UNGARAN – Dua bulan lamanya warga Dusun Ngoho, Desa Kemitir, Kecamatan Sumowono, Kabupaten Semarang, harus bertahan dengan keterbatasan air bersih setelah aliran Pamsimas yang selama ini menjadi andalan mereka berhenti mengalir. Warga terpaksa mengantre di masjid untuk memenuhi kebutuhan mandi, mencuci, dan memasak. Merespons kondisi darurat tersebut, Polres Semarang bergerak cepat dengan menyalurkan 60.000 liter air bersih, Rabu (12/8/2026), sebagai wujud nyata kepedulian dan kehadiran Polri di tengah kesulitan masyarakat.
Bantuan tersebut dibagi dalam 5 tangki air berkapasitas 6.000 liter, didukung oleh 30 mobil komunitas EGS (Eltitusi Gedong Songo) yang masing-masing membawa 1.000 liter air bersih. Dengan dukungan puluhan kendaraan tersebut, distribusi air dapat dipercepat hingga ke titik-titik RW di seluruh Desa Kemitir, memastikan setiap warga mendapatkan jatah yang cukup untuk kebutuhan sehari-hari. Pendistribusian dipimpin langsung Kapolres Semarang AKBP Heru Dwi Purnomo, S.I.K., M.Si., yang turun ke lapangan untuk memastikan bantuan tepat sasaran.

Kapolres Semarang AKBP Heru Dwi menegaskan bahwa kegiatan ini merupakan langkah nyata Polres Semarang untuk hadir dan peduli terhadap kebutuhan dasar masyarakat. “Kami mendapatkan informasi bahwa warga di Dusun Ngoho sudah sekitar dua bulan mengalami kesulitan air bersih. Karena itu, kami bersama stakeholder terkait berupaya membantu memenuhi kebutuhan dasar masyarakat,” ujarnya. Menurutnya, air bersih adalah kebutuhan mendasar, dan kepolisian tidak hanya berperan dalam keamanan, tetapi juga hadir saat masyarakat menghadapi persoalan sosial maupun kondisi darurat.
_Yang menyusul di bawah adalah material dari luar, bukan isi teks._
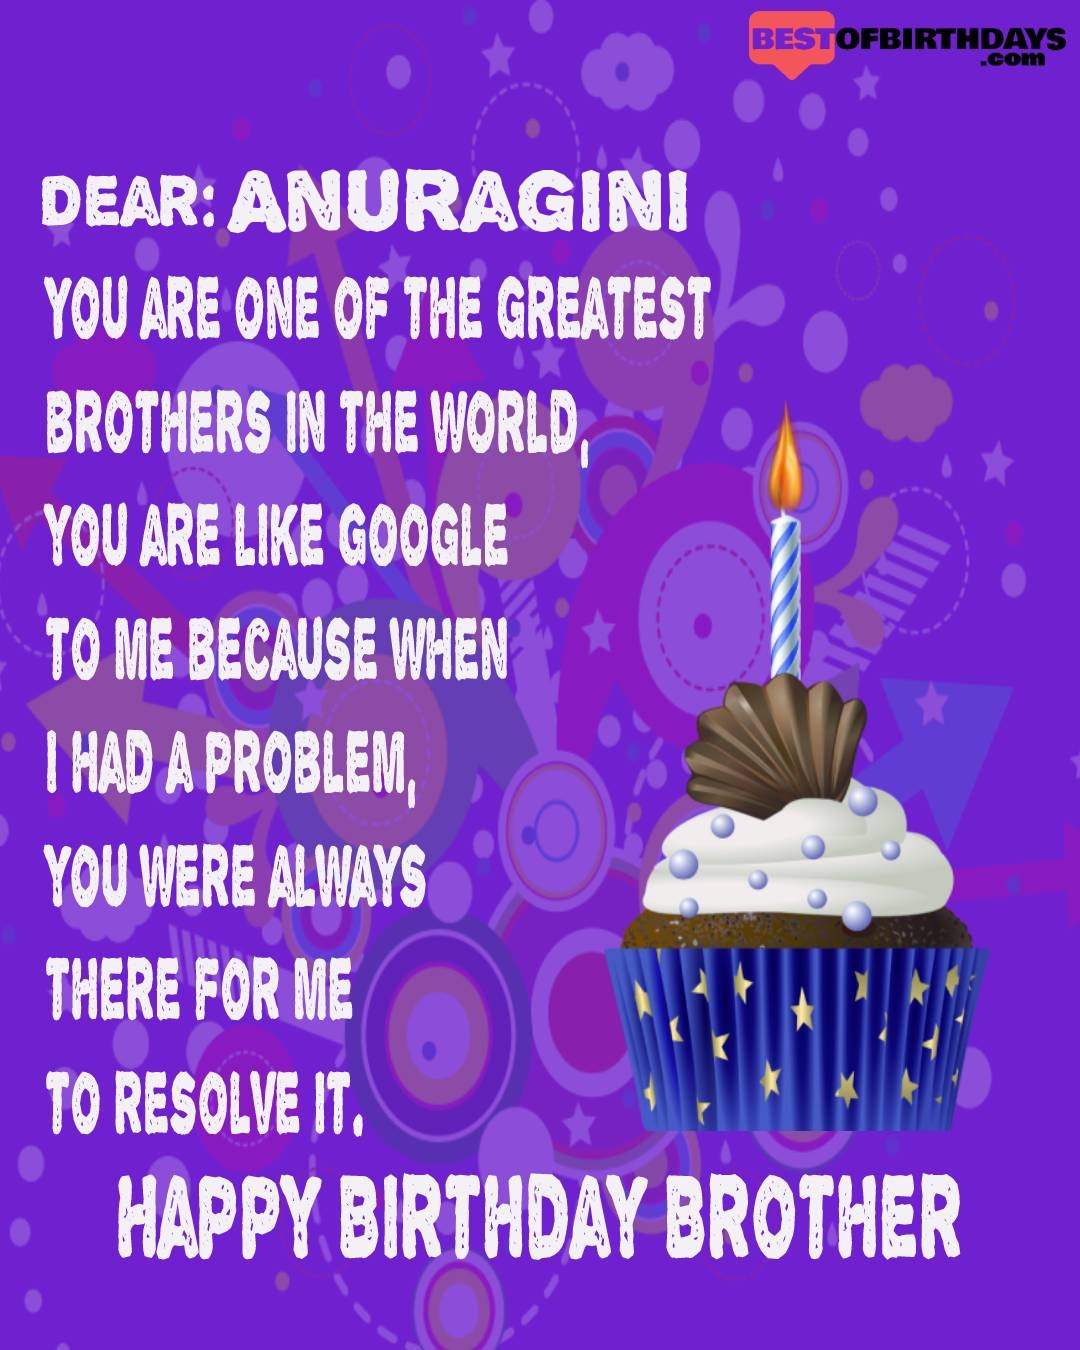 Happy birthday anuragini bhai brother bro
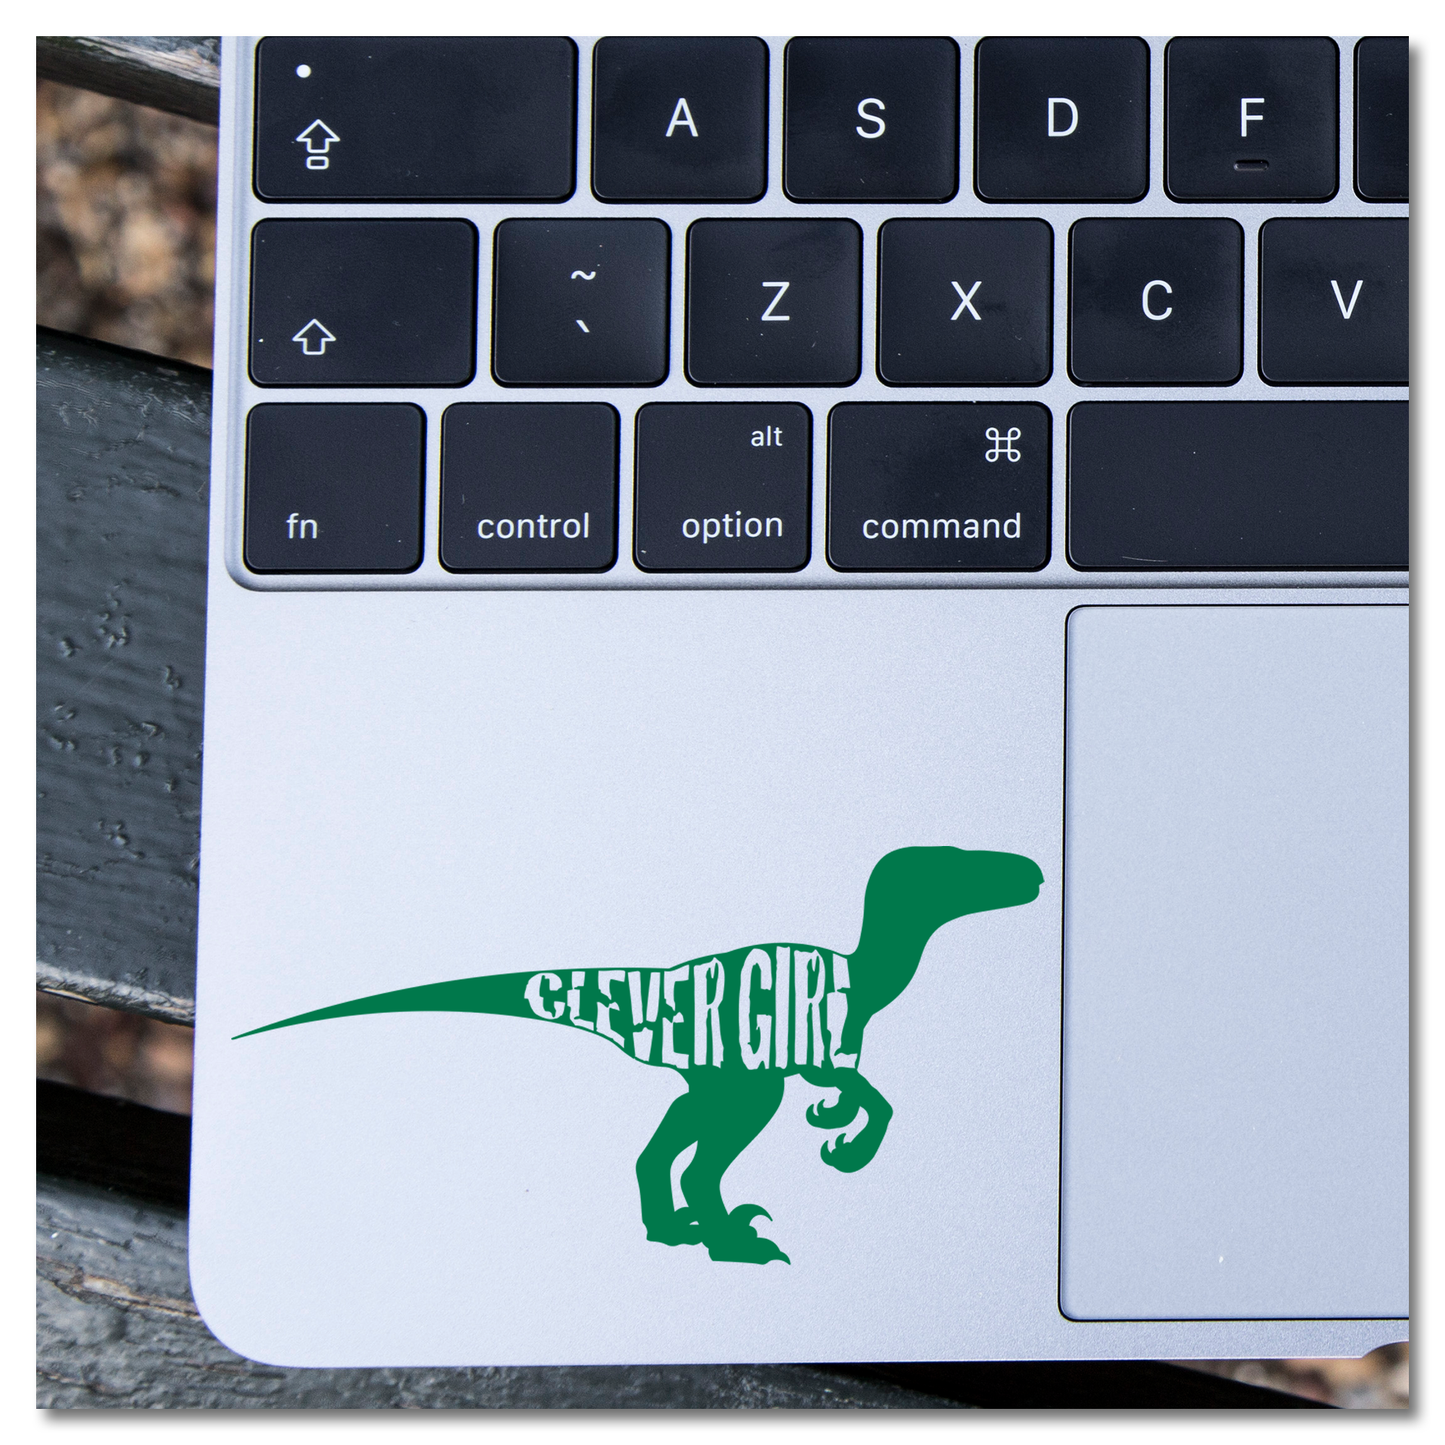 Jurassic Park Clever Girl Velociraptor Vinyl Decal Sticker

Sinergi lintas sektor mewarnai kegiatan ini, dengan turut hadir Kepala BPBD Kabupaten Semarang Muh. Muslih, Kepala PMI Kabupaten Semarang Muh. Taufik, anggota DPRD Kabupaten Semarang Lia Amelia, Camat Sumowono Agung Heru Suryono, Ba Tuud Koramil Sumowono Peltu Rokhani, Kepala Desa Kemitir Puji Utomo, serta Ketua Komunitas EGS Sholikun. Kolaborasi ini menunjukkan bahwa penanganan dampak kekeringan membutuhkan kerja sama semua pihak, mulai dari aparat keamanan, pemerintah, hingga komunitas masyarakat.
Warga pun menyambut bantuan ini dengan penuh syukur. Sutiyah (64), salah seorang warga Dusun Ngoho, mengaku sangat terbantu karena selama dua bulan terakhir ia dan tetangganya hanya mengandalkan air dari masjid untuk bertahan. Kepala Desa Kemitir Puji Utomo juga menyampaikan apresiasi setinggi-tingginya kepada Polres Semarang dan semua pihak yang peduli. Polres Semarang berharap bantuan ini dapat meringankan beban warga selama musim kemarau masih berlangsung, sekaligus menjadi bukti bahwa Polri selalu hadir memberikan manfaat langsung bagi masyarakat yang membutuhkan.